▶ **Task to carry out**
Please write the following entries out once more, exactly.

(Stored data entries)
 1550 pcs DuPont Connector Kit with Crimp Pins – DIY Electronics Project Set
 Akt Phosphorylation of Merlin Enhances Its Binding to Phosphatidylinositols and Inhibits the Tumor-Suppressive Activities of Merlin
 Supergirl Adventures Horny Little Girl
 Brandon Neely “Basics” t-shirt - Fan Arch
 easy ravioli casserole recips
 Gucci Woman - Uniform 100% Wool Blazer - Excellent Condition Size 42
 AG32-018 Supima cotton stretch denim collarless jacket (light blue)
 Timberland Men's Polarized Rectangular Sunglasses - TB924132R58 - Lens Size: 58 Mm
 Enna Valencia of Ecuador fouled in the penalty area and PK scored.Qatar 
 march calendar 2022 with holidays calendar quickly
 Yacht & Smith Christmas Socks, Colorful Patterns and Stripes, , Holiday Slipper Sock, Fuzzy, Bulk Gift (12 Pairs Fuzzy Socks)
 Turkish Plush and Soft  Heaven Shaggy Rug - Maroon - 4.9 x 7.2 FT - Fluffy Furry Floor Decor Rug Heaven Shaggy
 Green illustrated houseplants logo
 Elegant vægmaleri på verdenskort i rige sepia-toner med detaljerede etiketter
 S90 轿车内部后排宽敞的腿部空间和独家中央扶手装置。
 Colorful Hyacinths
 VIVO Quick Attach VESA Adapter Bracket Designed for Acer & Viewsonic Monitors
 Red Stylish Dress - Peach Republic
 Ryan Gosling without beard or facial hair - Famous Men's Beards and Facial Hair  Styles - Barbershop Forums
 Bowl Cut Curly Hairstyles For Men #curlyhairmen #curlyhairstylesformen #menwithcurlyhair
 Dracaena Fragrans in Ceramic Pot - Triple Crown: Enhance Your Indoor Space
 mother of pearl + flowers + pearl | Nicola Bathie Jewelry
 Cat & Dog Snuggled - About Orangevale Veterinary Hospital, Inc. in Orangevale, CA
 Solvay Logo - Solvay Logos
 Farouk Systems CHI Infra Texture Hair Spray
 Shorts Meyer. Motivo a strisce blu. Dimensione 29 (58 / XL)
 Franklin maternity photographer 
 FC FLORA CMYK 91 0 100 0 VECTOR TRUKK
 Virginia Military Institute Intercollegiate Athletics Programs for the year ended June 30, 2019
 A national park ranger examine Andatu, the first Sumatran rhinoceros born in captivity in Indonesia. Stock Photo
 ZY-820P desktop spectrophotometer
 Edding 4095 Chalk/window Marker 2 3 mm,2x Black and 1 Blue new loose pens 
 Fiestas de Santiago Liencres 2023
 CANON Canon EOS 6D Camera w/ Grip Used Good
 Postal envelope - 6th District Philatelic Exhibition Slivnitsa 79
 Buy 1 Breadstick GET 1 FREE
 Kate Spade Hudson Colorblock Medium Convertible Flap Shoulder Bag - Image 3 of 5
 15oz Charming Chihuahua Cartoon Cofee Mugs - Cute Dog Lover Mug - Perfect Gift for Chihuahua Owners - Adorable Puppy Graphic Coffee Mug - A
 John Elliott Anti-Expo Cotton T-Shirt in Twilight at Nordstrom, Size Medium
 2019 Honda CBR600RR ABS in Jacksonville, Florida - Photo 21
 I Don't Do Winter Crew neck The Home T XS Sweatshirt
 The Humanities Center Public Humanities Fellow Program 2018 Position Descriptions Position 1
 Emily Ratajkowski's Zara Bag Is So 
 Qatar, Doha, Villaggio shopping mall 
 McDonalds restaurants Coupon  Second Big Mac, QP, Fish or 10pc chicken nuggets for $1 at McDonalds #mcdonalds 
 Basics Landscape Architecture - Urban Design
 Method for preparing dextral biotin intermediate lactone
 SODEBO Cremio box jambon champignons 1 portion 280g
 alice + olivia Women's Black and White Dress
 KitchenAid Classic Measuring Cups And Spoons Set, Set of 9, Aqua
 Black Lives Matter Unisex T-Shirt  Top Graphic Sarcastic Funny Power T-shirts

▶ **Task result**
 1550 pcs DuPont Connector Kit with Crimp Pins – DIY Electronics Project Set
 Akt Phosphorylation of Merlin Enhances Its Binding to Phosphatidylinositols and Inhibits the Tumor-Suppressive Activities of Merlin
 Supergirl Adventures Horny Little Girl
 Brandon Neely “Basics” t-shirt - Fan Arch
 easy ravioli casserole recips
 Gucci Woman - Uniform 100% Wool Blazer - Excellent Condition Size 42
 AG32-018 Supima cotton stretch denim collarless jacket (light blue)
 Timberland Men's Polarized Rectangular Sunglasses - TB924132R58 - Lens Size: 58 Mm
 Enna Valencia of Ecuador fouled in the penalty area and PK scored.Qatar 
 march calendar 2022 with holidays calendar quickly
 Yacht & Smith Christmas Socks, Colorful Patterns and Stripes, , Holiday Slipper Sock, Fuzzy, Bulk Gift (12 Pairs Fuzzy Socks)
 Turkish Plush and Soft  Heaven Shaggy Rug - Maroon - 4.9 x 7.2 FT - Fluffy Furry Floor Decor Rug Heaven Shaggy
 Green illustrated houseplants logo
 Elegant vægmaleri på verdenskort i rige sepia-toner med detaljerede etiketter
 S90 轿车内部后排宽敞的腿部空间和独家中央扶手装置。
 Colorful Hyacinths
 VIVO Quick Attach VESA Adapter Bracket Designed for Acer & Viewsonic Monitors
 Red Stylish Dress - Peach Republic
 Ryan Gosling without beard or facial hair - Famous Men's Beards and Facial Hair  Styles - Barbershop Forums
 Bowl Cut Curly Hairstyles For Men #curlyhairmen #curlyhairstylesformen #menwithcurlyhair
 Dracaena Fragrans in Ceramic Pot - Triple Crown: Enhance Your Indoor Space
 mother of pearl + flowers + pearl | Nicola Bathie Jewelry
 Cat & Dog Snuggled - About Orangevale Veterinary Hospital, Inc. in Orangevale, CA
 Solvay Logo - Solvay Logos
 Farouk Systems CHI Infra Texture Hair Spray
 Shorts Meyer. Motivo a strisce blu. Dimensione 29 (58 / XL)
 Franklin maternity photographer 
 FC FLORA CMYK 91 0 100 0 VECTOR TRUKK
 Virginia Military Institute Intercollegiate Athletics Programs for the year ended June 30, 2019
 A national park ranger examine Andatu, the first Sumatran rhinoceros born in captivity in Indonesia. Stock Photo
 ZY-820P desktop spectrophotometer
 Edding 4095 Chalk/window Marker 2 3 mm,2x Black and 1 Blue new loose pens 
 Fiestas de Santiago Liencres 2023
 CANON Canon EOS 6D Camera w/ Grip Used Good
 Postal envelope - 6th District Philatelic Exhibition Slivnitsa 79
 Buy 1 Breadstick GET 1 FREE
 Kate Spade Hudson Colorblock Medium Convertible Flap Shoulder Bag - Image 3 of 5
 15oz Charming Chihuahua Cartoon Cofee Mugs - Cute Dog Lover Mug - Perfect Gift for Chihuahua Owners - Adorable Puppy Graphic Coffee Mug - A
 John Elliott Anti-Expo Cotton T-Shirt in Twilight at Nordstrom, Size Medium
 2019 Honda CBR600RR ABS in Jacksonville, Florida - Photo 21
 I Don't Do Winter Crew neck The Home T XS Sweatshirt
 The Humanities Center Public Humanities Fellow Program 2018 Position Descriptions Position 1
 Emily Ratajkowski's Zara Bag Is So 
 Qatar, Doha, Villaggio shopping mall 
 McDonalds restaurants Coupon  Second Big Mac, QP, Fish or 10pc chicken nuggets for $1 at McDonalds #mcdonalds 
 Basics Landscape Architecture - Urban Design
 Method for preparing dextral biotin intermediate lactone
 SODEBO Cremio box jambon champignons 1 portion 280g
 alice + olivia Women's Black and White Dress
 KitchenAid Classic Measuring Cups And Spoons Set, Set of 9, Aqua
 Black Lives Matter Unisex T-Shirt  Top Graphic Sarcastic Funny Power T-shirts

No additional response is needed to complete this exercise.